I was born and brought up in Bellefield Avenue and to me and my generation both here and on Magdalen Green this was to be our playground.

In the early 1930s Bellefield Avenue was to us a pretty wide street no doubt due to the fact that it was devoid of cars parking on the street. This being the case it was the ideal play ground for our many activities. One of the games we played regularly was our interpretation of American baseball, the base was a close entrance, the next base was a lamp post, the next would be a jacket, then another lamp post, then a dust bin lid, another lamp post and then back to final base. At this stage I must name the participants, Bob Pilkington, Jim Hampton, Dave McDonald, Bert Taylor, the Johnston boys, Jimmy Lamb and Torbet McKinnon, we did have one imported player and the was Jim Hackney for Thomson Street, he and I would go through Primary School at Hawkhill School and then Harris Academy, became members of the 3rd Company Boys Brigade etc.
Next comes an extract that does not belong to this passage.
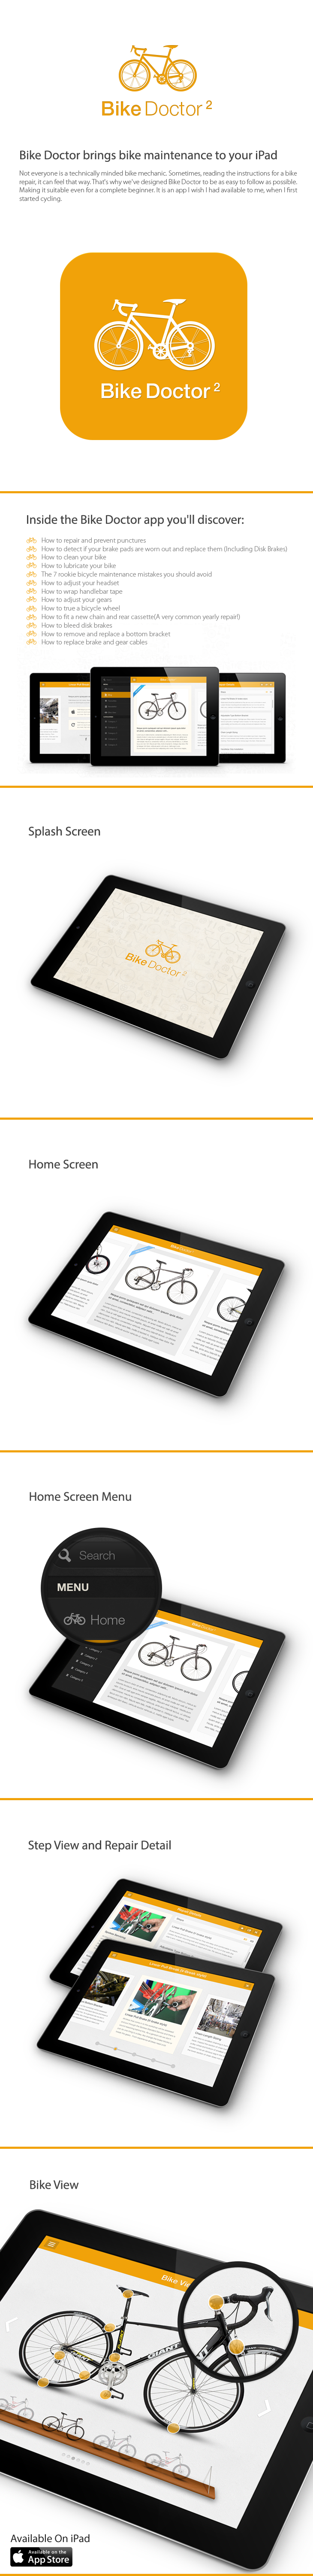 Bike Doctor 2 Bike Doctor IPad UI iPad UX

All the names I mention and more provided the "Scottish" football and our home ground was to the east of the swing green at the bottom of Bellefield Avenue, the pitch we played on was named by us "Ibrox" and we played against any team who would answer the challenge. It was not a fancy grass pitch, the surface was the discarded ashes from the near by railway sheds, it was therefore a cinder pitch or as we called it "Danders" a surface which was not the best to fall on, if you had the misfortune to so do then out mothers' had the job of getting out the tweezers and pulling our bits of cinders from scraped knees.

We then had the Magdalen Green tennis courts when during the 1939 to 1945 war became allotments where a few of our gang became part of the nationwide army who "dug for victory" with a lot of help from our fathers.

It was a great place to be brought up, no television, plenty of things to do and strangely enough it "never seemed to rain" and the phrase "we are bored" was never heard.